Sparse Parameter Recovery from Aggregated Data
Proceedings of The 33rd International Conference on Machine Learning, PMLR 48:1090-1099, 2016.
Data aggregation is becoming an increasingly common technique for sharing sensitive information, and for reducing data size when storage and/or communication costs are high. Aggregate quantities such as group-average are a form of semi-supervision as they do not directly provide information of individual values, but despite their wide-spread use, prior literature on learning individual-level models from aggregated data is extremely limited. This paper investigates the effect of data aggregation on parameter recovery for a sparse linear model, when known results are no longer applicable.
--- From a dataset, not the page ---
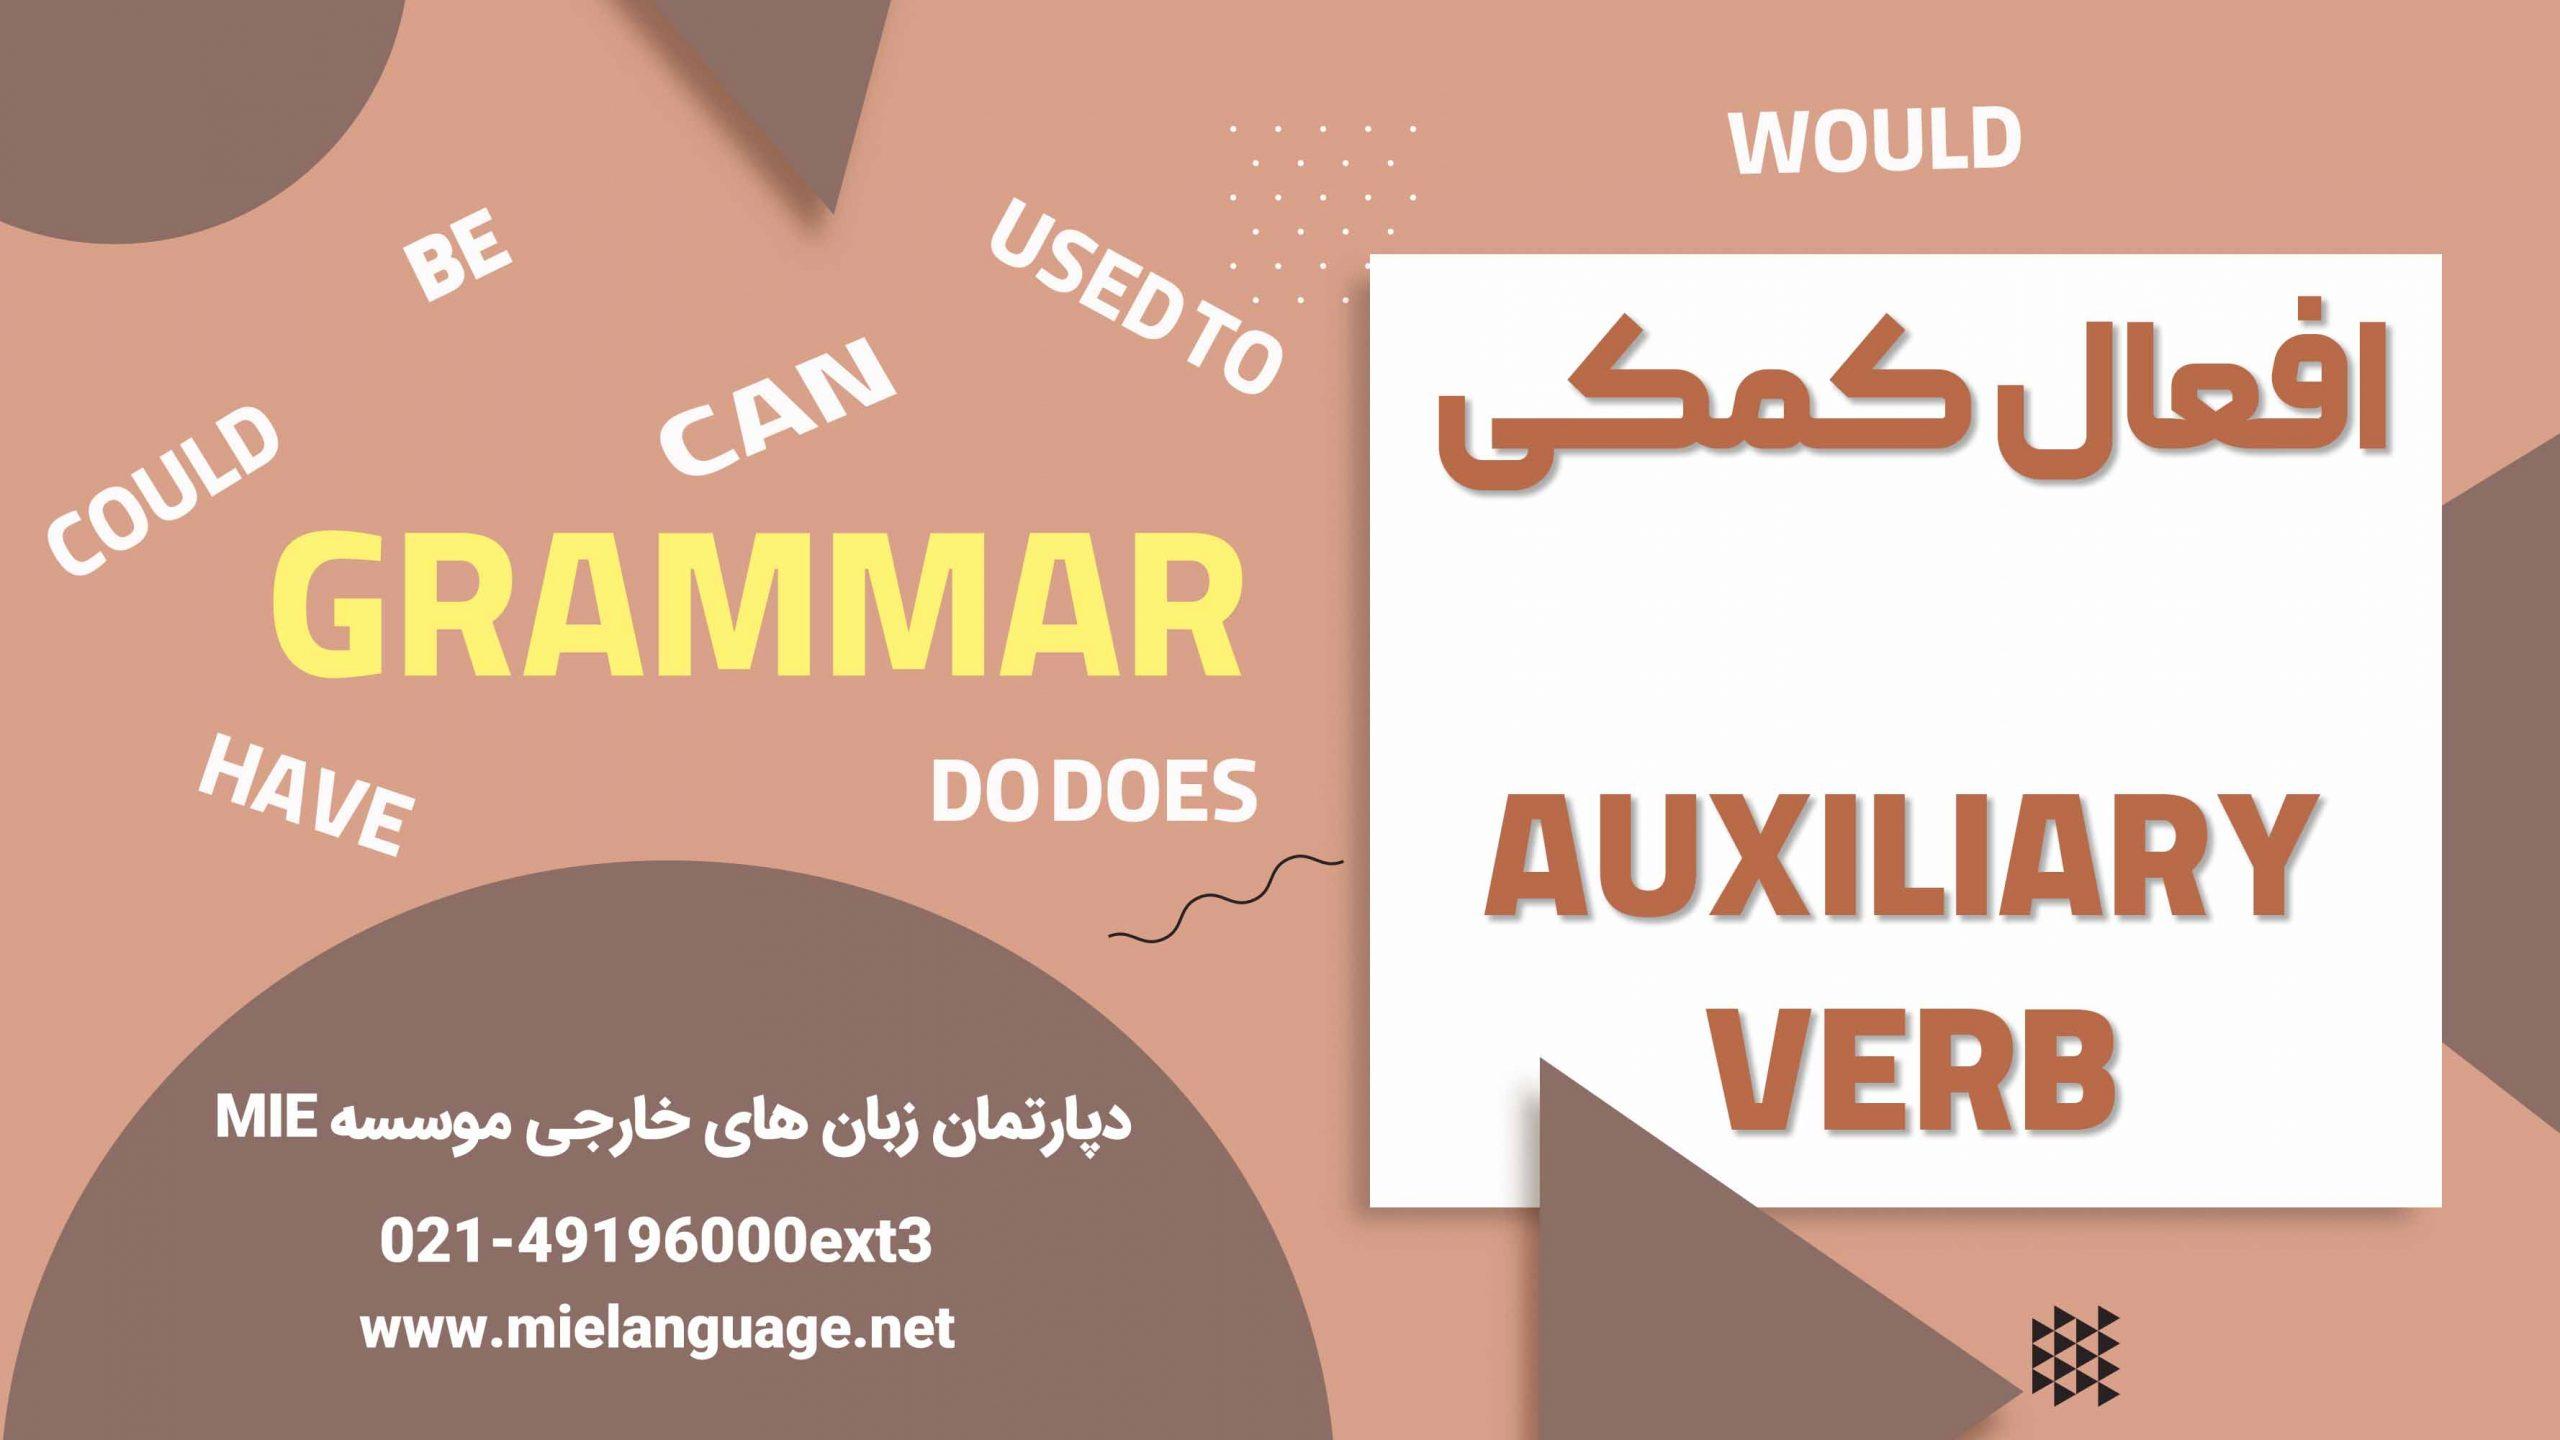 ساده ترین روش یادگیری افعال کمکی در زبان انگلیسی

In particular, we consider a scenario where the data are collected into groups e.g. aggregated patient records, and first-order empirical moments are available only at the group level. Despite this obfuscation of individual data values, we can show that the true parameter is recoverable with high probability using these aggregates when the collection of true group moments is an incoherent matrix, and the empirical moment estimates have been computed from a sufficiently large number of samples. To the best of our knowledge, ours are the first results on structured parameter recovery using only aggregated data. Experimental results on synthetic data are provided in support of these theoretical claims. We also show that parameter estimation from aggregated data approaches the accuracy of parameter estimation obtainable from non-aggregated or “individual" samples, when applied to two real world healthcare applications- predictive modeling of CMS Medicare reimbursement claims, and modeling of Texas State healthcare charges.